Upgrade

Testing upgrades is not easy, as the differences in hardware configurations and state of the systems in the moment of upgrade, can raise corner cases that it is impossible to cover.

We are going to take the opportunity of the Ubuntu Global Jam to ask everyone participating in a Jam to upgrade their Natty systems to Oneiric and report back any issues they may encounter.

Requirements

Bandwidth

A Upgrade Jam is very similar to any kind of jam, but it's a bit special. The bottleneck is the bandwidth, as many of the attendees will be upgrading, so it is almost crucial to have some kind Local Ubuntu Mirror or cache.

A great feature for making this super-easy was introduced in lucid (Ubuntu 10.04 LTS): squid-deb-proxy. Instructions below. (If you need a complete ubuntu mirror, a good how-to for setting it up can be found here: https://help.ubuntu.com/community/Debmirror.)

If you're not on a private network you might need to explicitly allow connections from that network in /etc/squid-deb-proxy/allowed-networks-src.acl.

Natty (11.04)

  1. On the server:

    $ sudo apt-get install squid-deb-proxy
  2. On the client:

    $ sudo apt-get install squid-deb-proxy-client
  3. Done.

Other

You also want to provide some snacks and drinks.

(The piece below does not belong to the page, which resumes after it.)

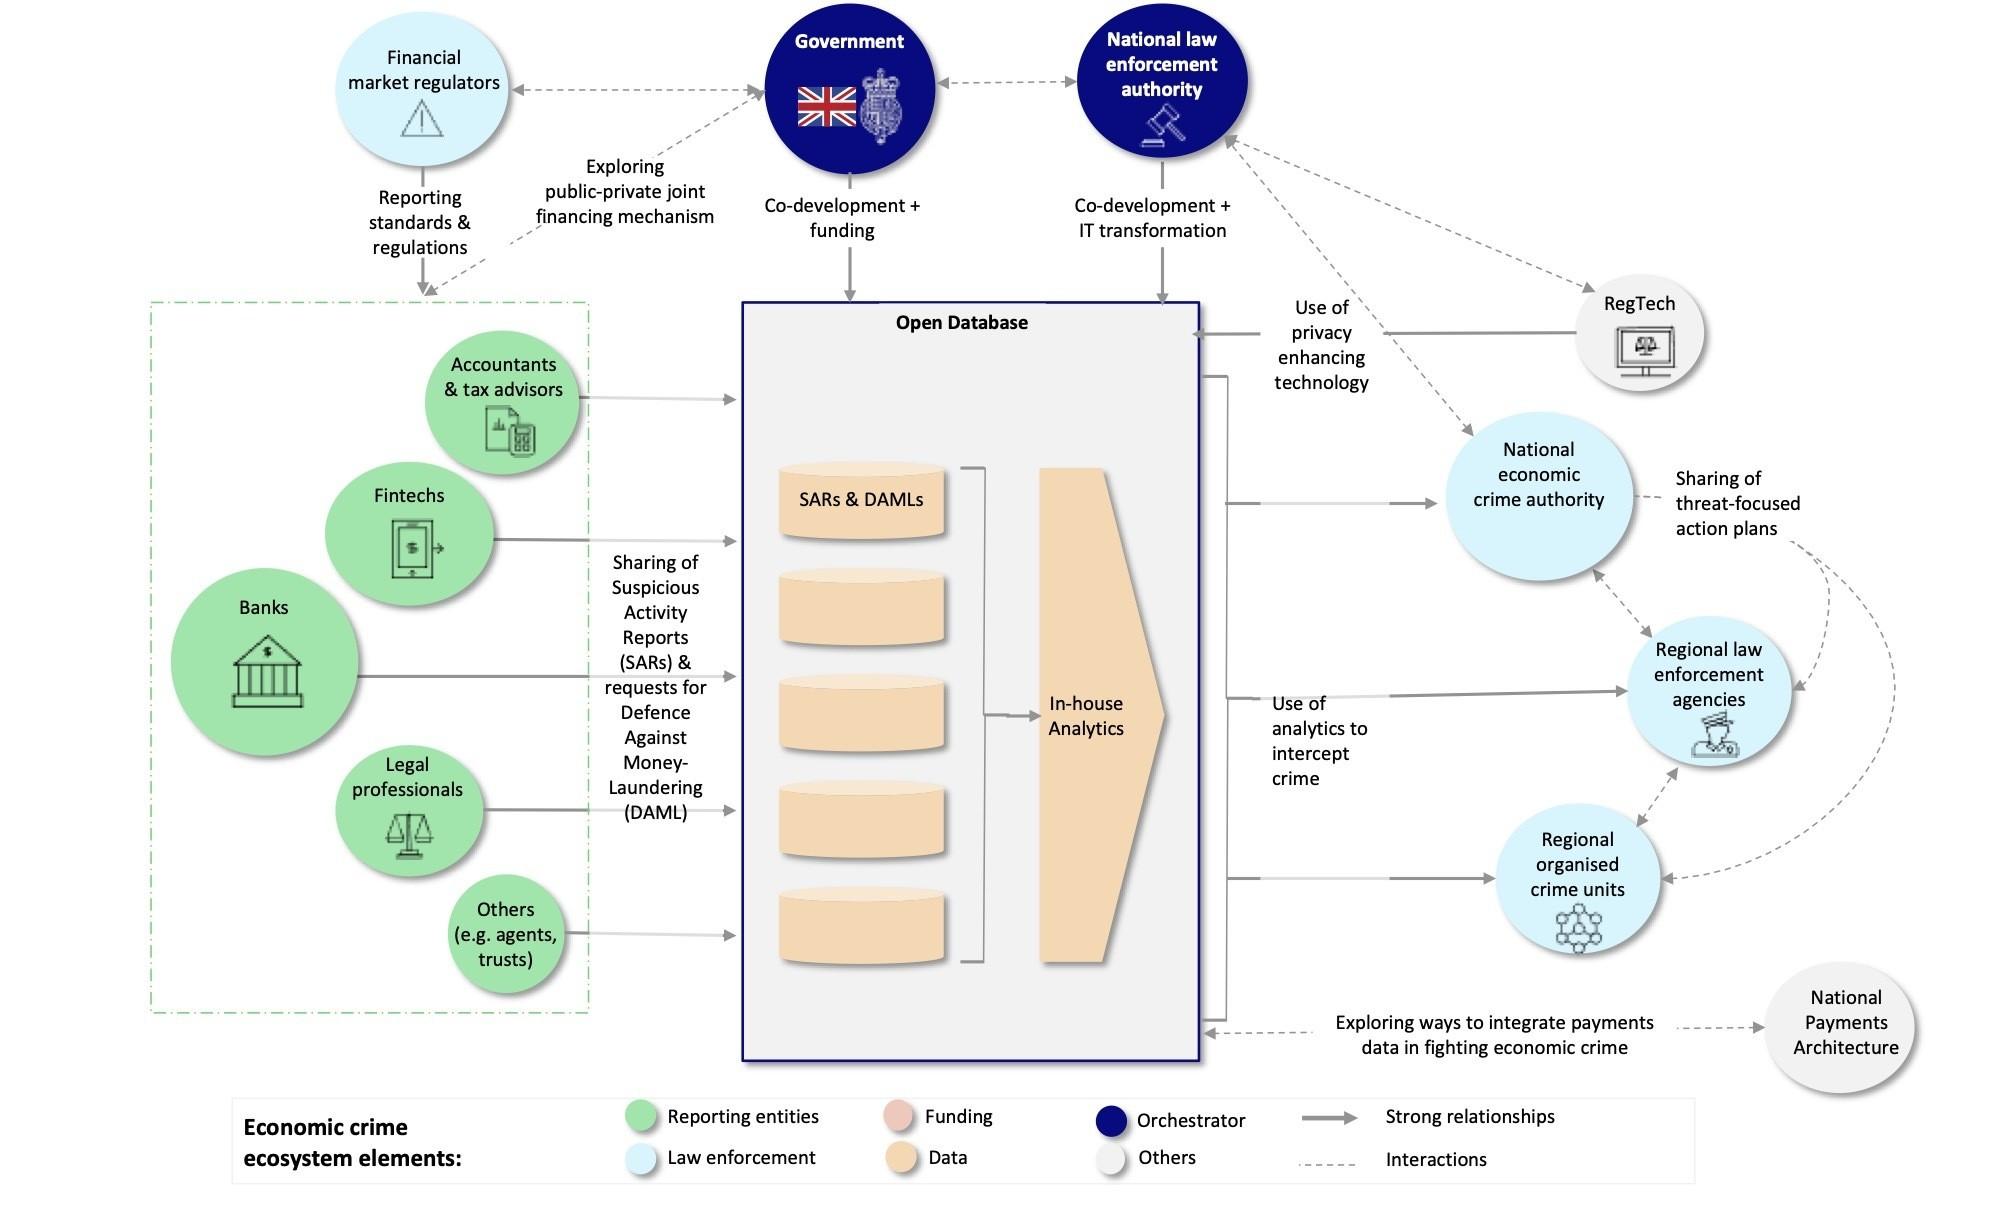 Figure 3. UK SARs reform ecosystem collaborators and contributions.

Asking people to prepare for the Jam

  • People wanting to participate in the Upgrade Jam need to have a Launchpad account.
  • We will be reporting our results in the ISO tracker, so an ISO tracker account is also necessary. Ask people to read the ISO procedures and to create an account.

Running the Jam

  • Point people to use the local mirror set up, instead of the common Ubuntu archive. Instructions on how to set up a client are also at https://help.ubuntu.com/community/Debmirror

  • Upgrade your system to Maverick by running sudo update-manager --d

  • After finishing the upgrade check that your system still works correctly. Testing/UpgradeChecklist contains a simple checklist of things that worth a try.

  • File any bugs you may find. Tag them with the natty2oneiric. Check the Debugging Update Manager wiki page for a nice guide on how to report your upgrade bugs.

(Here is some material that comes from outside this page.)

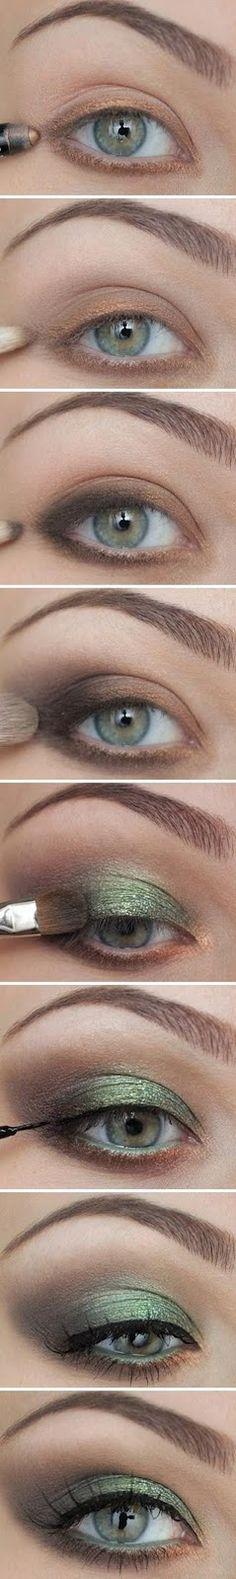 Beautiful emerald green eye make up

  • After the upgrade it would be nice if you could run System Testing (Open the Dash and enter 'checkbox') to gather information about your system. Submit the data to Launchpad.
  • Report "Pass or Failed in the corresponding ISO test case". See below for details on this part.

Reporting to the ISO tracker

The ISO tracker is used to test the ISOs and/or upgrades during milestone testing. We are going to use it as well for the Ubuntu Global Jam.

We are going to create a fake milestone called UbuntuGlobalJamMaverick and this is the one that we are going to use during the jam. The information about how to use the ISO tracker is in the testing wiki pages. All upgrade tests in the tracker are found within the Upgrade category.

When reporting in the ISO tracker you can report as "Passed", "Failed" and you can add the numbers of the bugs reported. Also, there is some space to submit a comment. It would be nice if you could put the URL of your System Testing submission (https://launchpad.net/people/+me/+hwdb-submissions)

And now ...

... best go and test your shiny new Ubuntu system!